* [INSTRUCTIONS FOR THE TASK] Starting at the line with "Dieses Bild stammt" and going on through the line with "Linda Clerget konzentriert", reproduce each line in the records below exactly and nothing more.
Start of RECORD SET
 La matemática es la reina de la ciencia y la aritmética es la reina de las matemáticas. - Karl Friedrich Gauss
End of RECORD SET
Start of RECORD SET
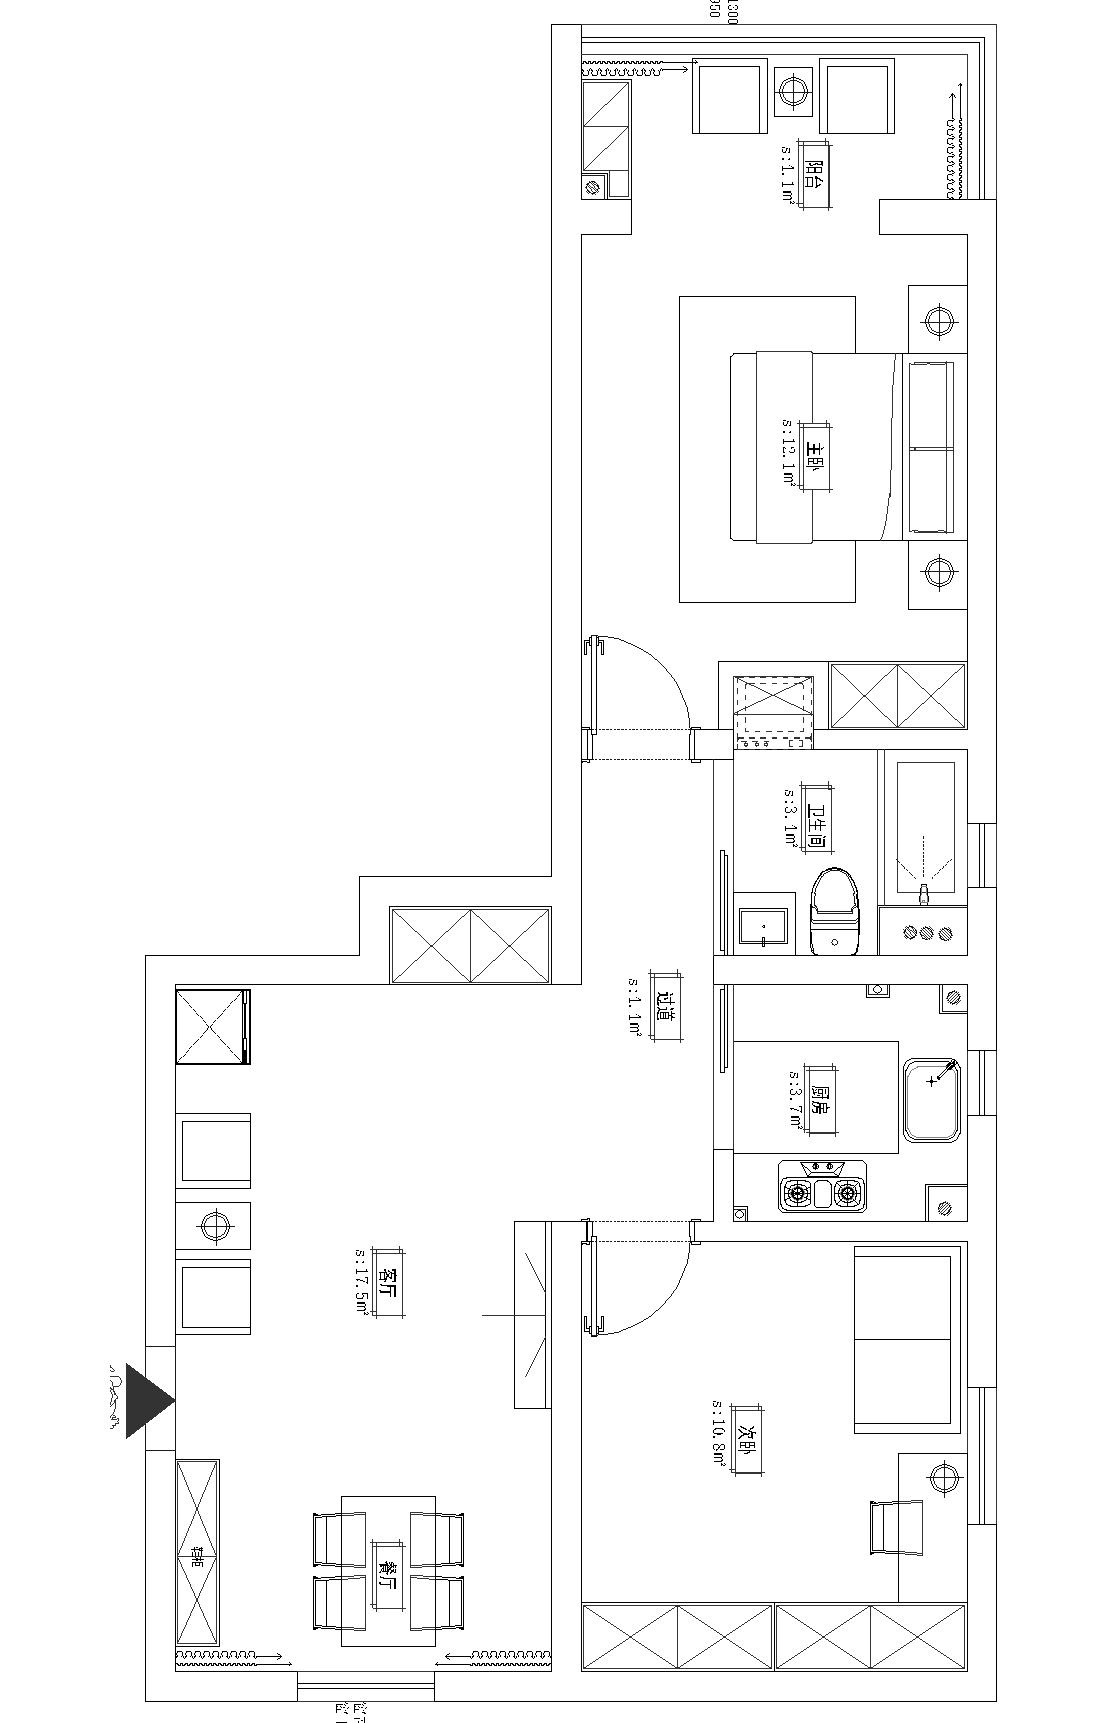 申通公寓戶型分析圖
End of RECORD SET
Start of RECORD SET
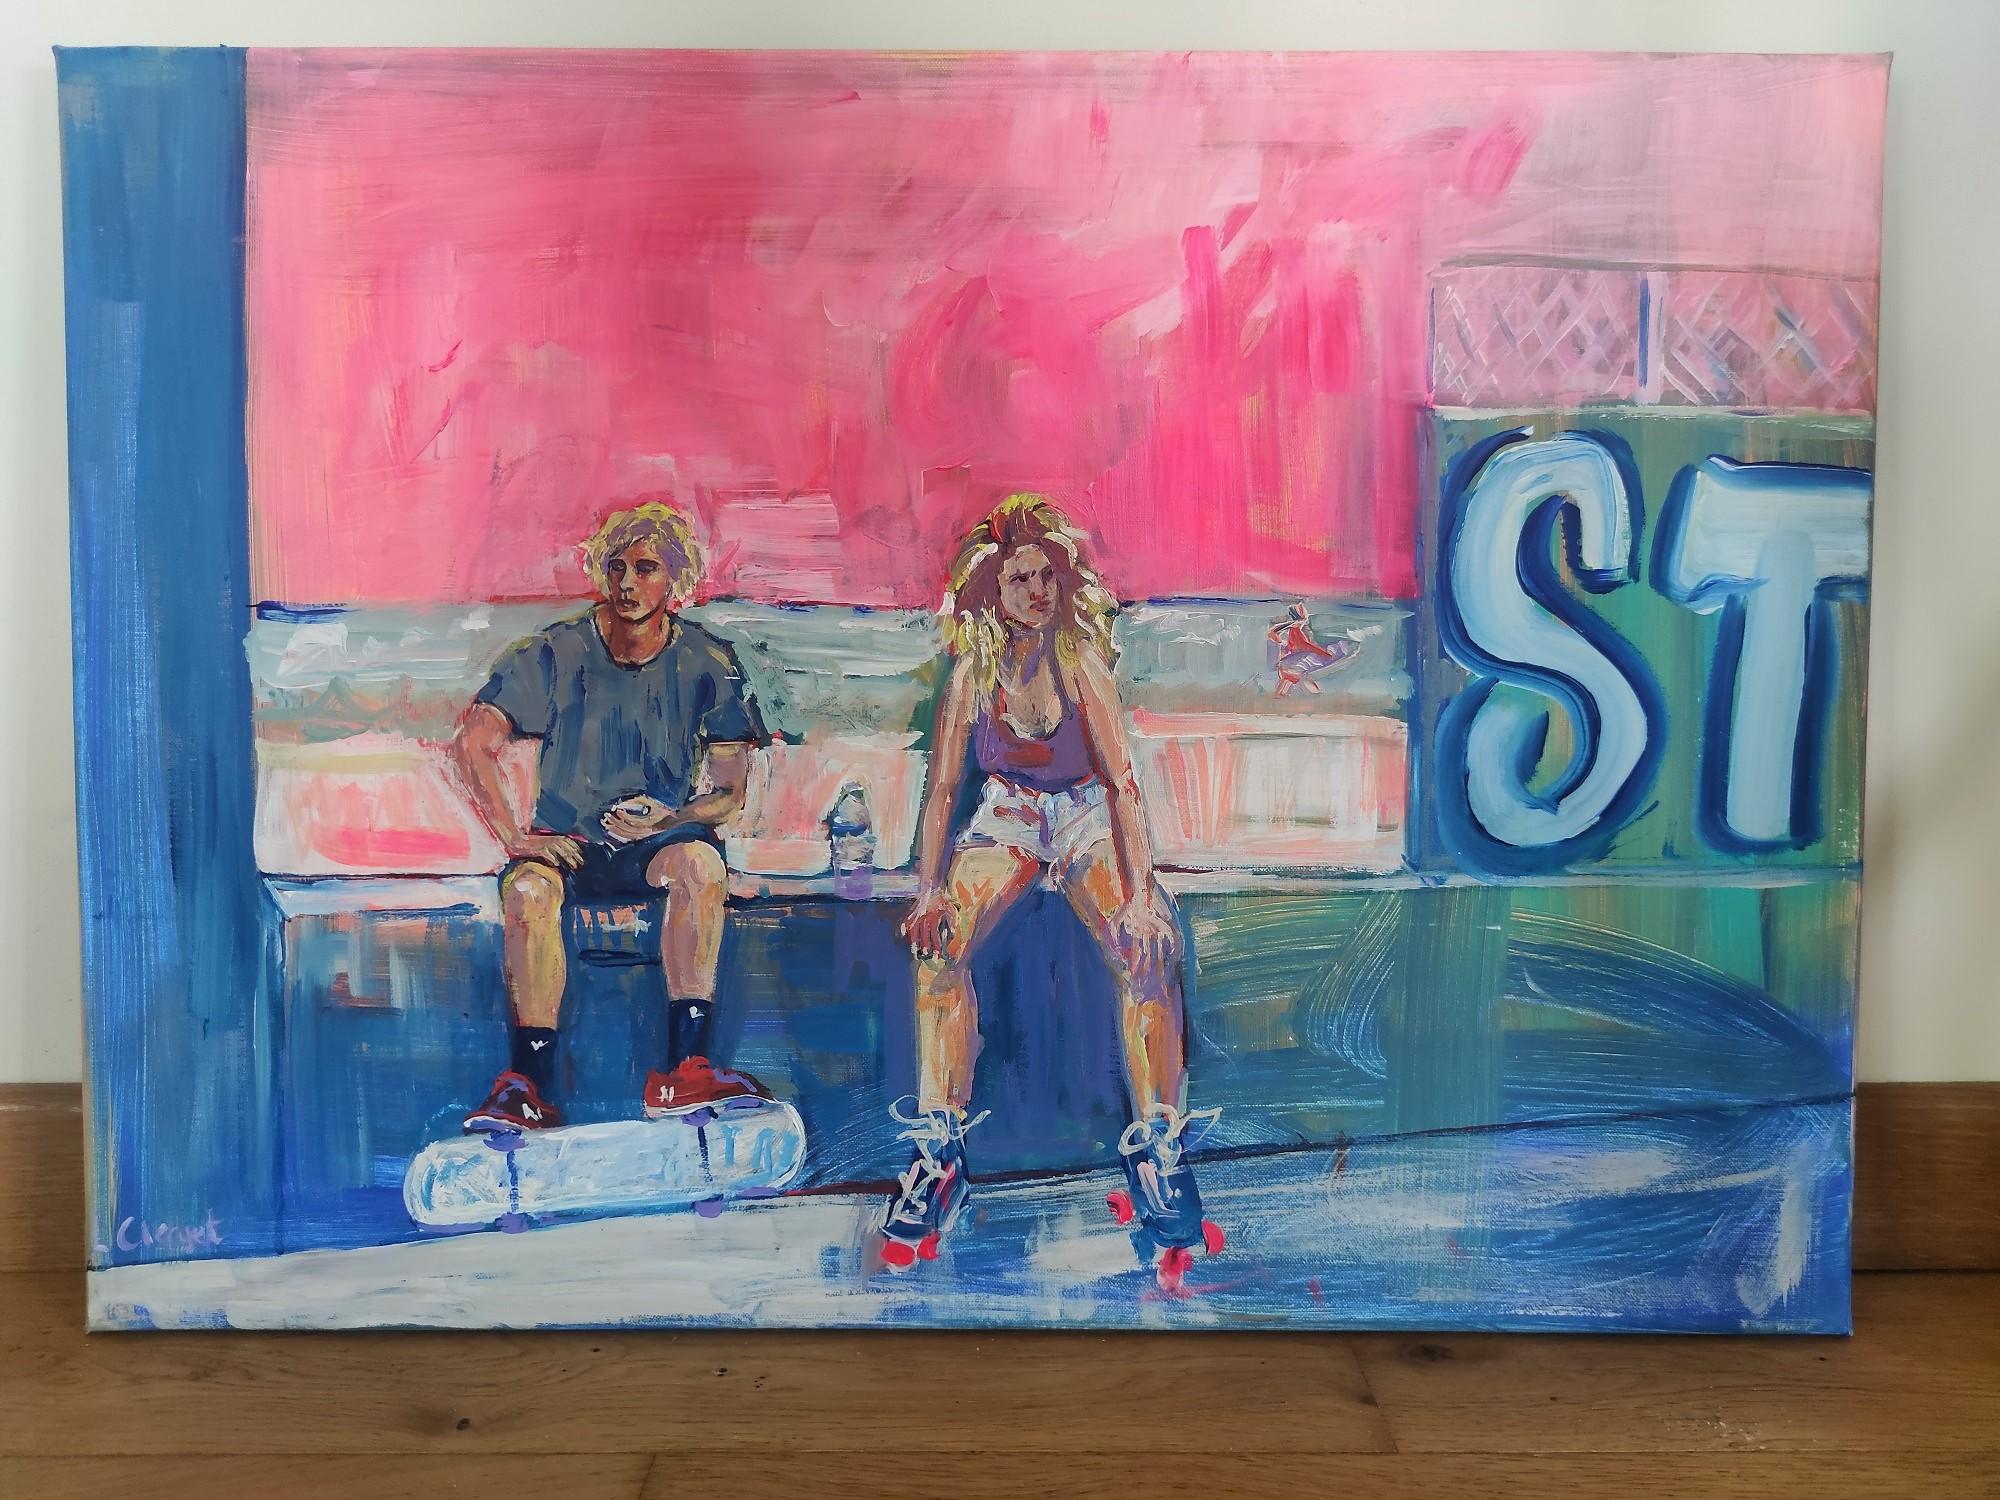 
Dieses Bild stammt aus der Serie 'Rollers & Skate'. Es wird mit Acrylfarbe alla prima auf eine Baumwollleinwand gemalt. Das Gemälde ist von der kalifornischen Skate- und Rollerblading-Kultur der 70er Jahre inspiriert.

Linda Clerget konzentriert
End of RECORD SET
* [TASK RESULT]
Dieses Bild stammt aus der Serie 'Rollers & Skate'. Es wird mit Acrylfarbe alla prima auf eine Baumwollleinwand gemalt. Das Gemälde ist von der kalifornischen Skate- und Rollerblading-Kultur der 70er Jahre inspiriert.

Linda Clerget konzentriert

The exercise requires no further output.